■ What you need to do
Retype the listing exactly, minus its pictures.

■ Recorded data
↓↓↓

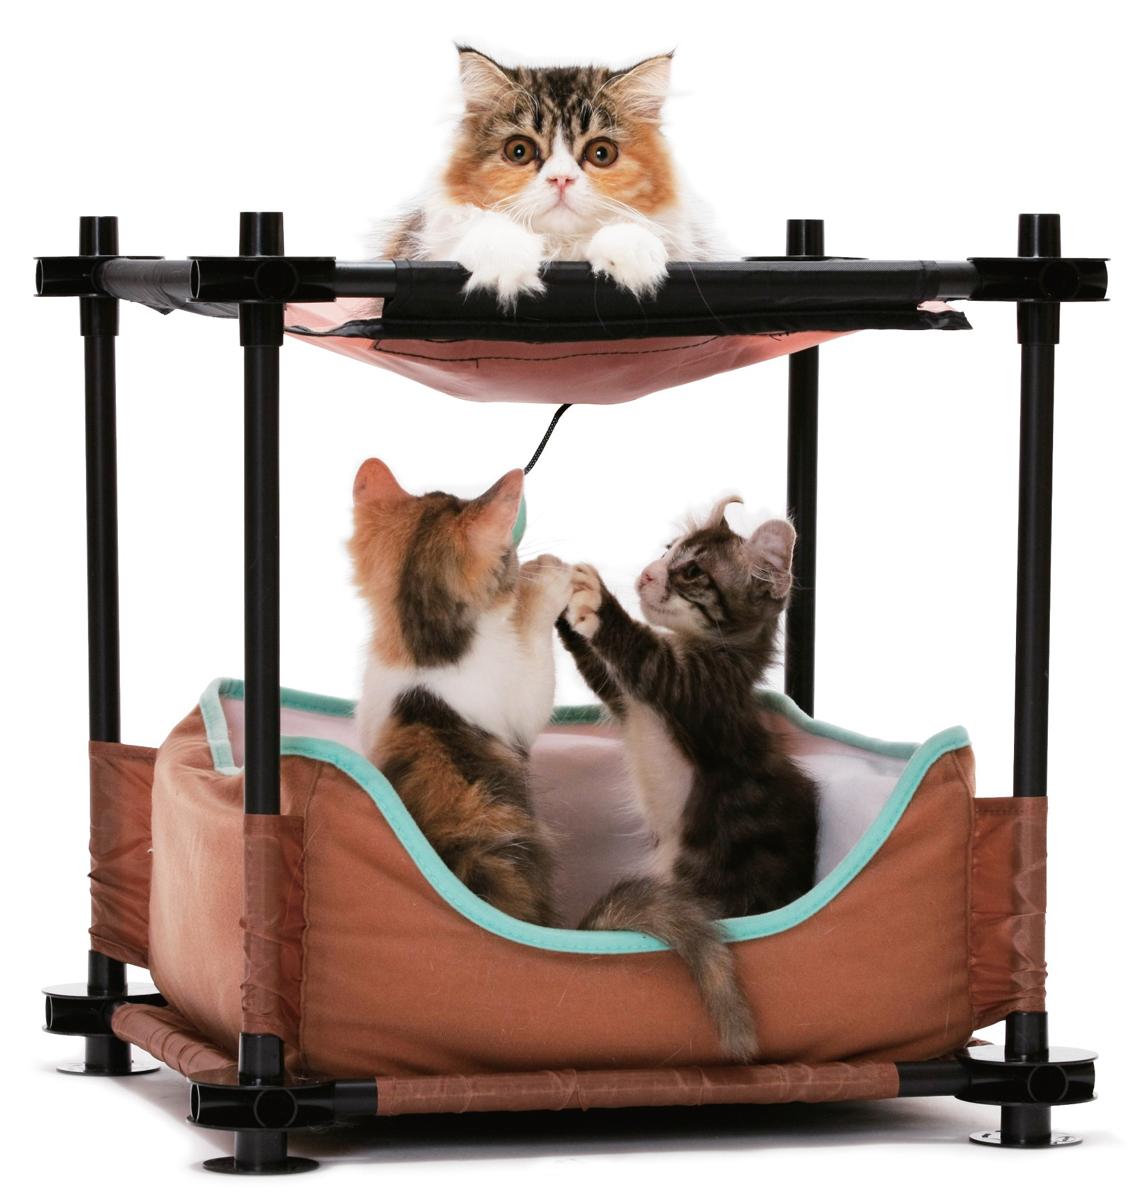 Лежак для кошек Kitty City Барские покои, 44 х 45 х 45 см0120710Лежак Kitty City Барские покои поразит вас своим непревзойденным удобством. И будьте уверены, кошка тоже оценит уникальные преимущества нового спального места. Лежак сочетает в себе функции прекрасной кровати и игрового комплекса. Он великолепно подходит для активных и озорных животных, которые даже перед сном предпочитают поиграть с подвесной игрушкой и плавно из состояния игры перейти в глубокий сладкий сон. Лежак изготовлен из высокопрочных, устойчивых к повреждениям материалов. Каркас из пластиковых трубок удобно собирается и разбирается, облегчая транспортировку и хранение. Спальное место изготовлено из мягкого флиса. Игрушка выполнена в виде полумесяца. Лежак прекрасно подойдет для использования как индивидуально, так и в совокупности с игровыми комплексами Kitty City.
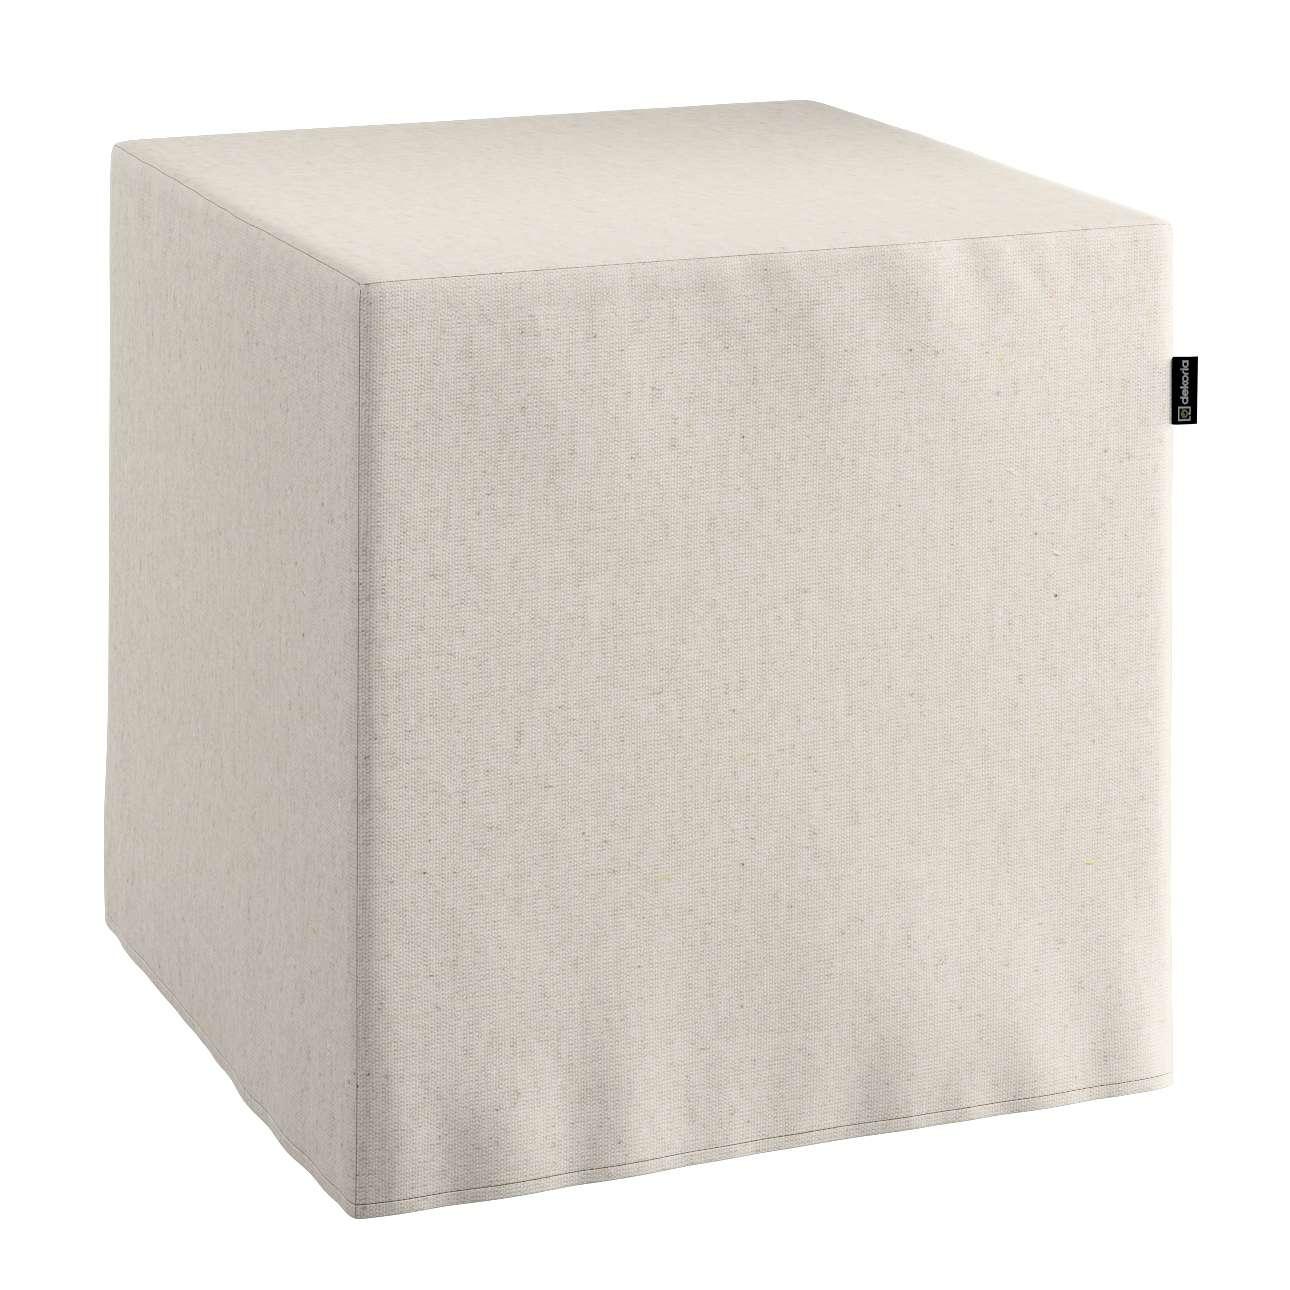 Sitzwürfel, hellgrau, 40 × 40 × 40 cm, Loneta   Wohnzimmer > Hocker & Poufs > Sitzwürfel   Dekoria
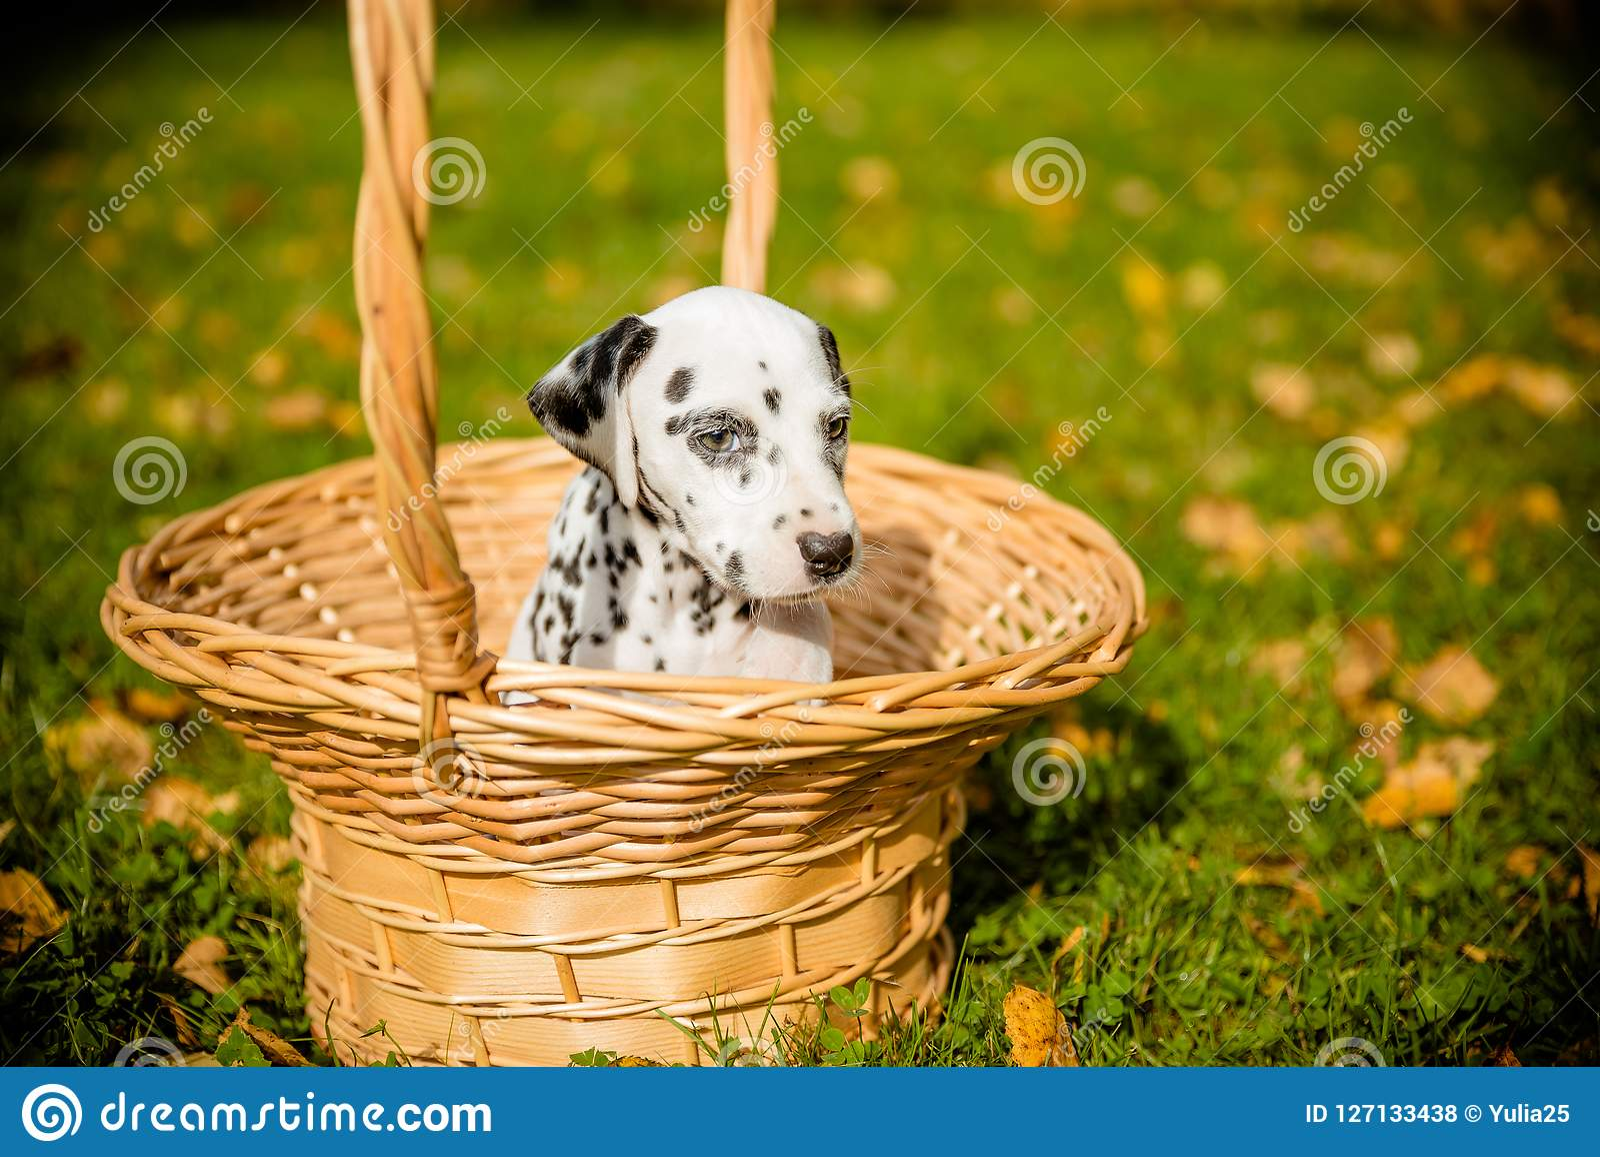 Cachorrinho Dalmatian que senta-se em uma cesta na frente do fundo outonal da natureza Cão pequeno bonito em uma cesta de vime em

↑↑↑

■ Response
 Лежак для кошек Kitty City Барские покои, 44 х 45 х 45 см0120710Лежак Kitty City Барские покои поразит вас своим непревзойденным удобством. И будьте уверены, кошка тоже оценит уникальные преимущества нового спального места. Лежак сочетает в себе функции прекрасной кровати и игрового комплекса. Он великолепно подходит для активных и озорных животных, которые даже перед сном предпочитают поиграть с подвесной игрушкой и плавно из состояния игры перейти в глубокий сладкий сон. Лежак изготовлен из высокопрочных, устойчивых к повреждениям материалов. Каркас из пластиковых трубок удобно собирается и разбирается, облегчая транспортировку и хранение. Спальное место изготовлено из мягкого флиса. Игрушка выполнена в виде полумесяца. Лежак прекрасно подойдет для использования как индивидуально, так и в совокупности с игровыми комплексами Kitty City.
 Sitzwürfel, hellgrau, 40 × 40 × 40 cm, Loneta   Wohnzimmer > Hocker & Poufs > Sitzwürfel   Dekoria
 Cachorrinho Dalmatian que senta-se em uma cesta na frente do fundo outonal da natureza Cão pequeno bonito em uma cesta de vime em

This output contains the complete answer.